> _Dataset entries_:
*** Begin section ***

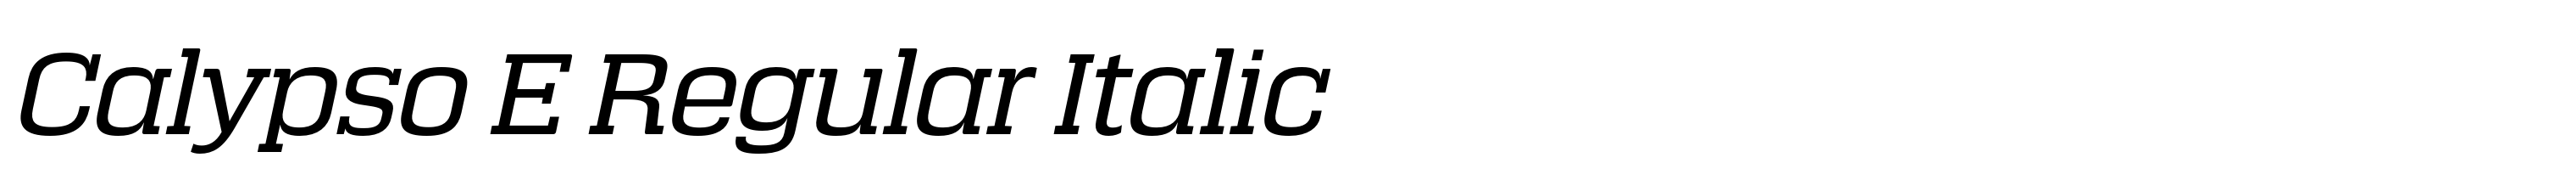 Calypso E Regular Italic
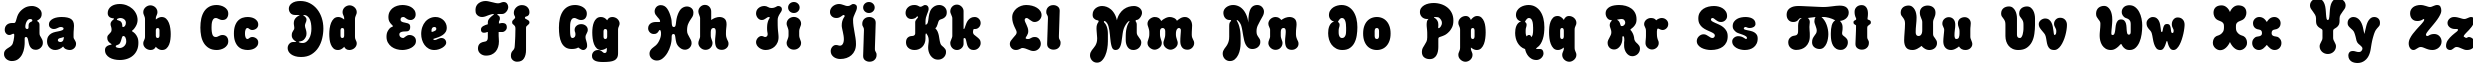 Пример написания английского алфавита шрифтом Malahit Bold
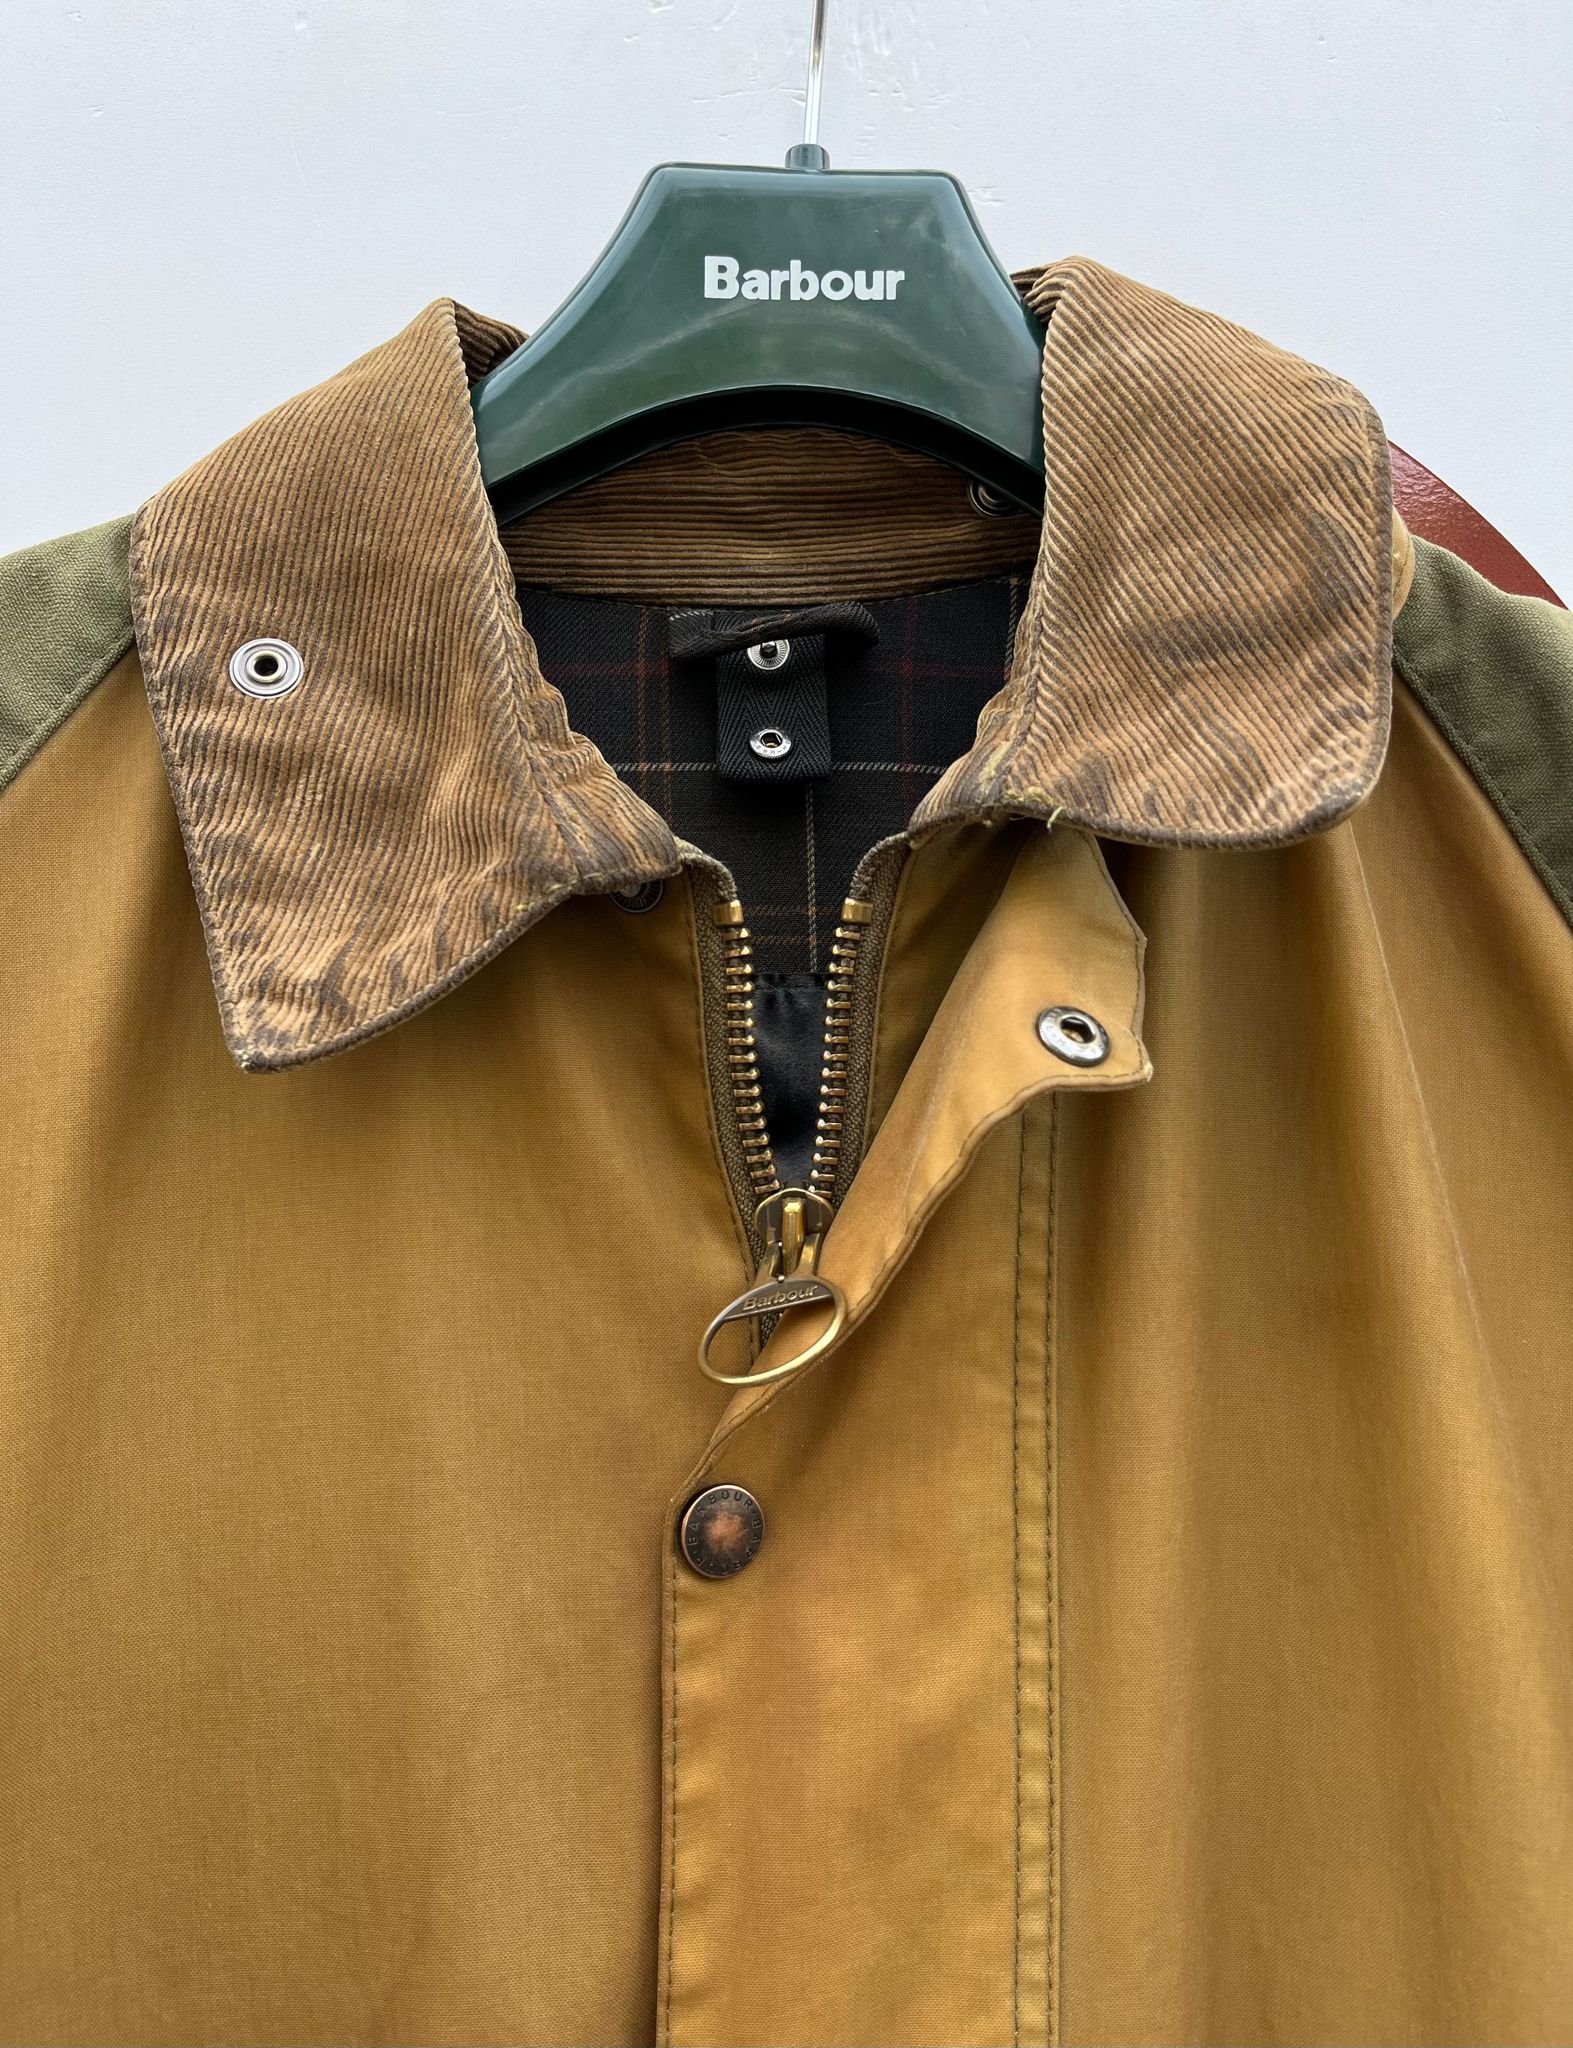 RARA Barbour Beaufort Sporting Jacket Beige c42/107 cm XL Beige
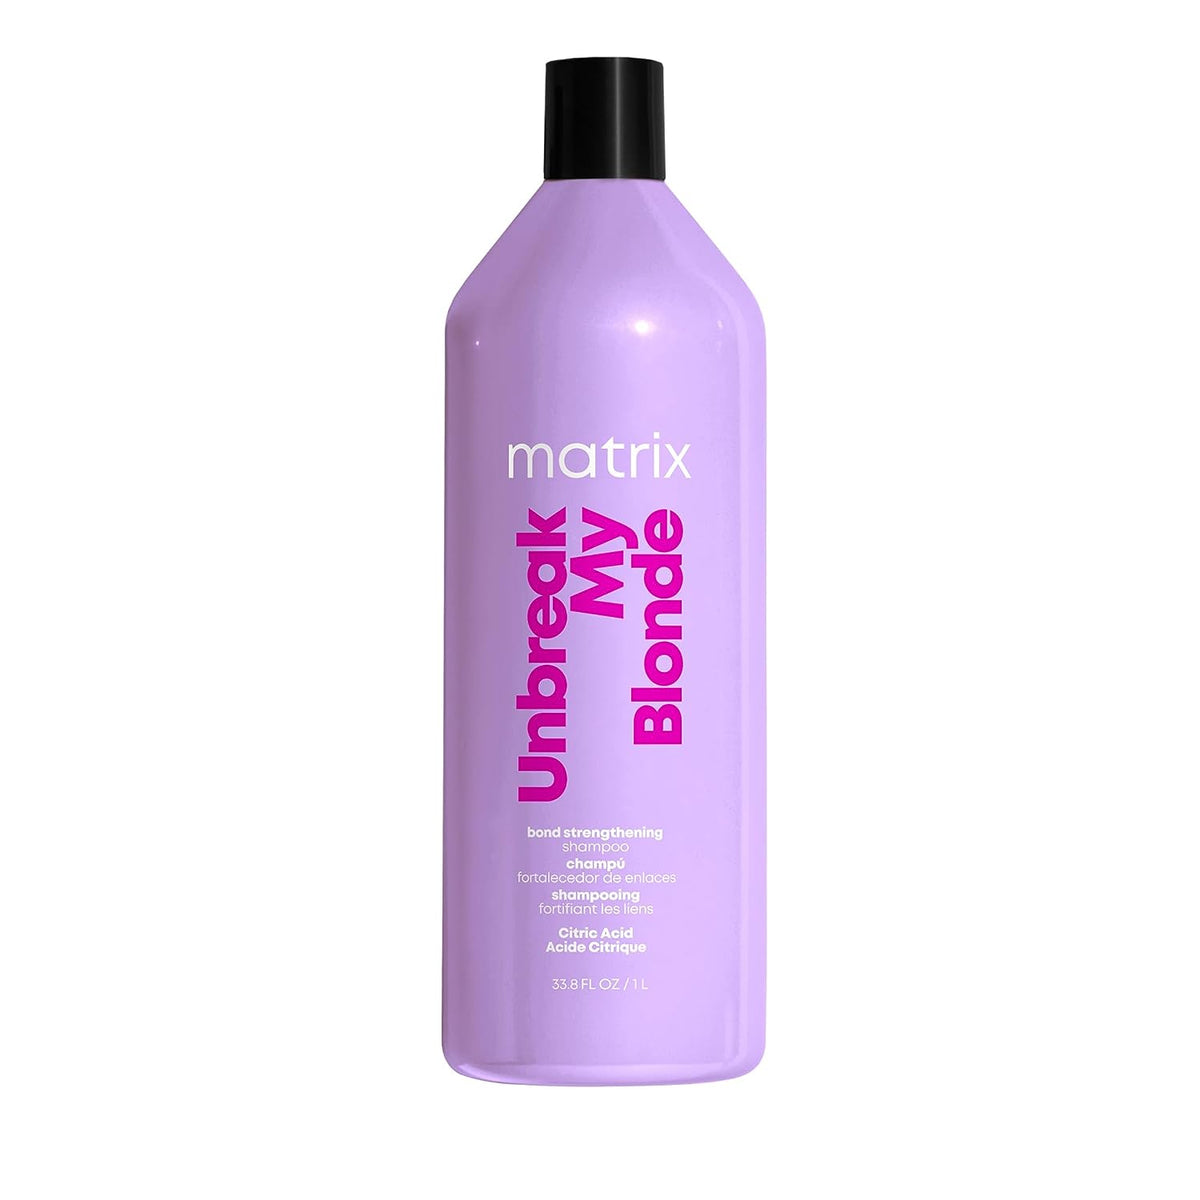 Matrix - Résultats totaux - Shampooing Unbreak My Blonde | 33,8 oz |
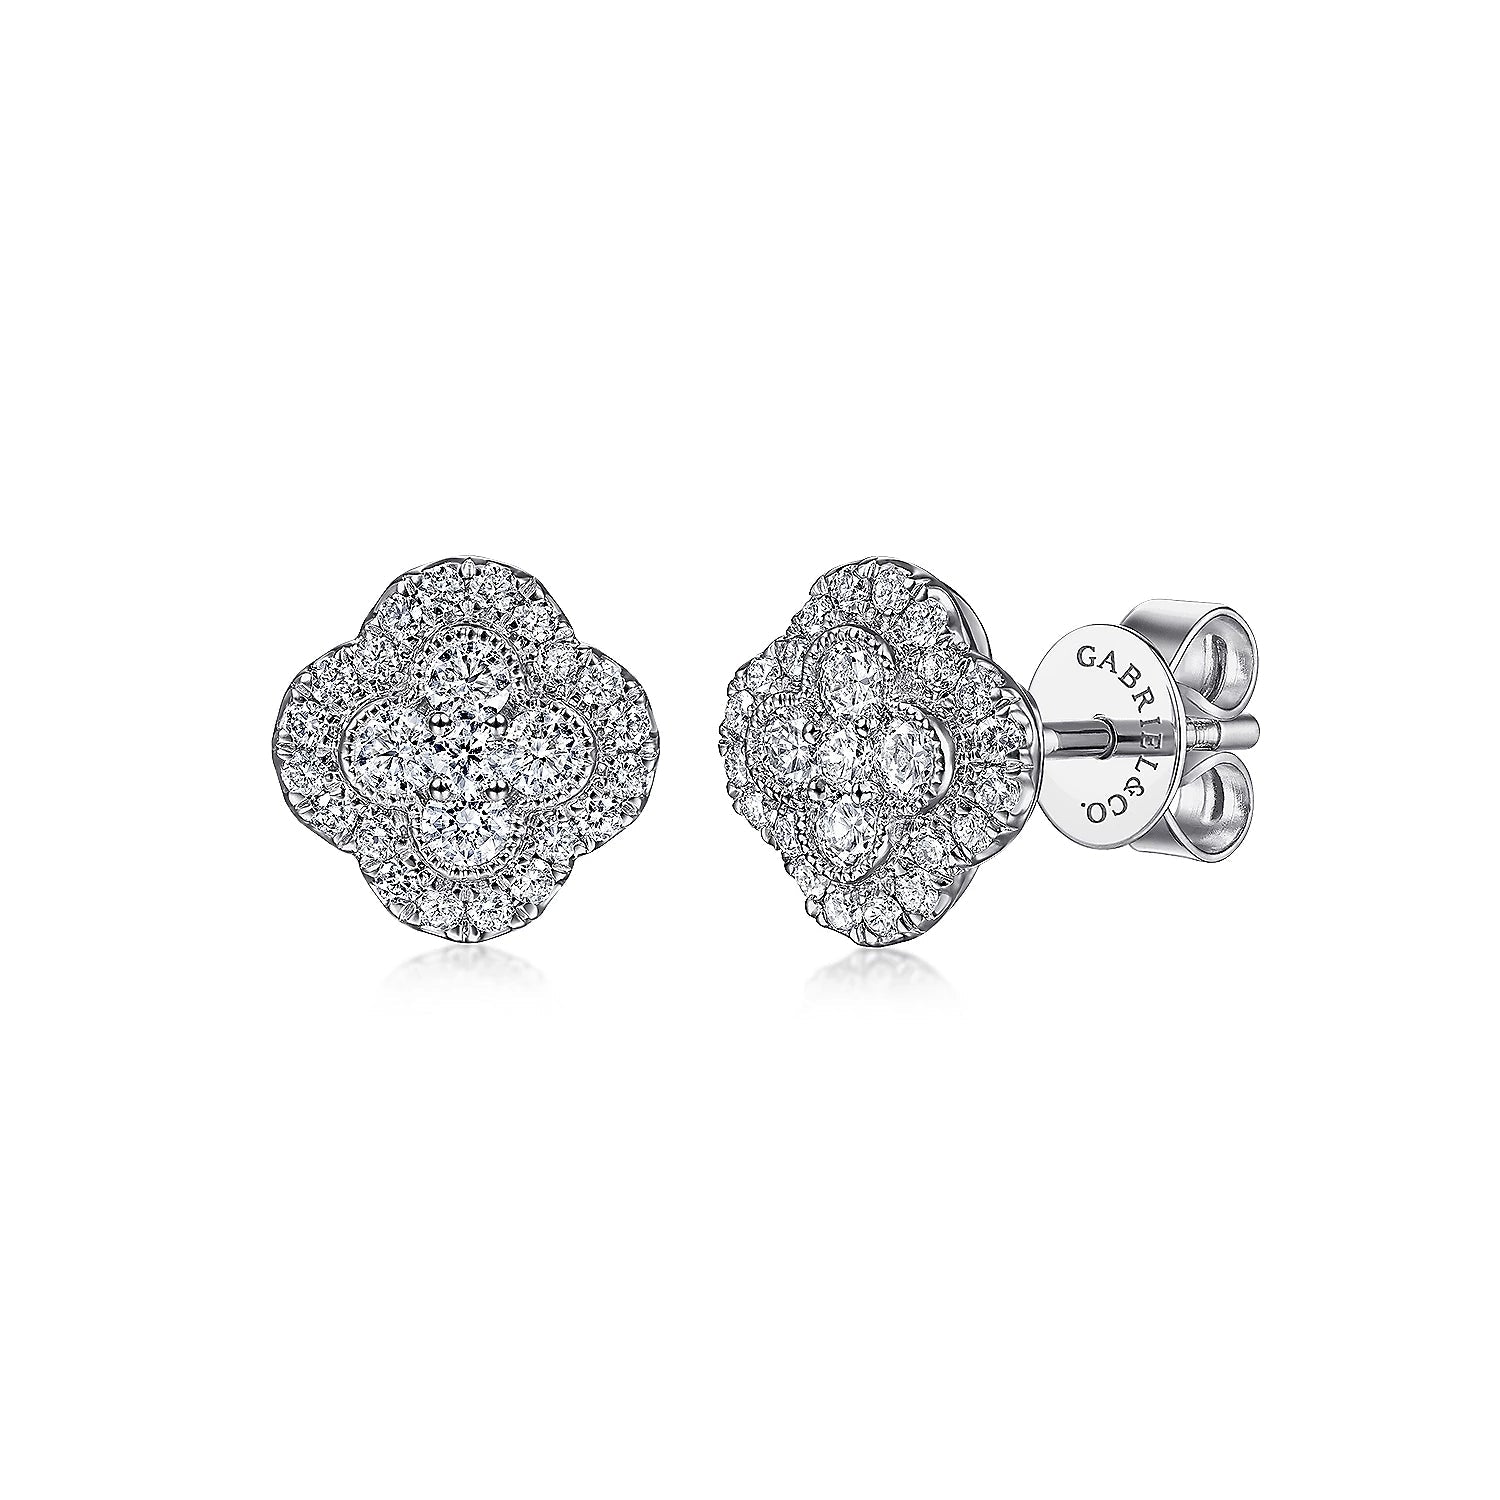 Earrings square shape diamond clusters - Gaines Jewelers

*** End section ***

> _Problem requirements_: If an entry contains a picture, leave it out and repeat the rest exactly.

> _Response area_:
 Calypso E Regular Italic
 Пример написания английского алфавита шрифтом Malahit Bold
 RARA Barbour Beaufort Sporting Jacket Beige c42/107 cm XL Beige
 Matrix - Résultats totaux - Shampooing Unbreak My Blonde | 33,8 oz |
 Earrings square shape diamond clusters - Gaines Jewelers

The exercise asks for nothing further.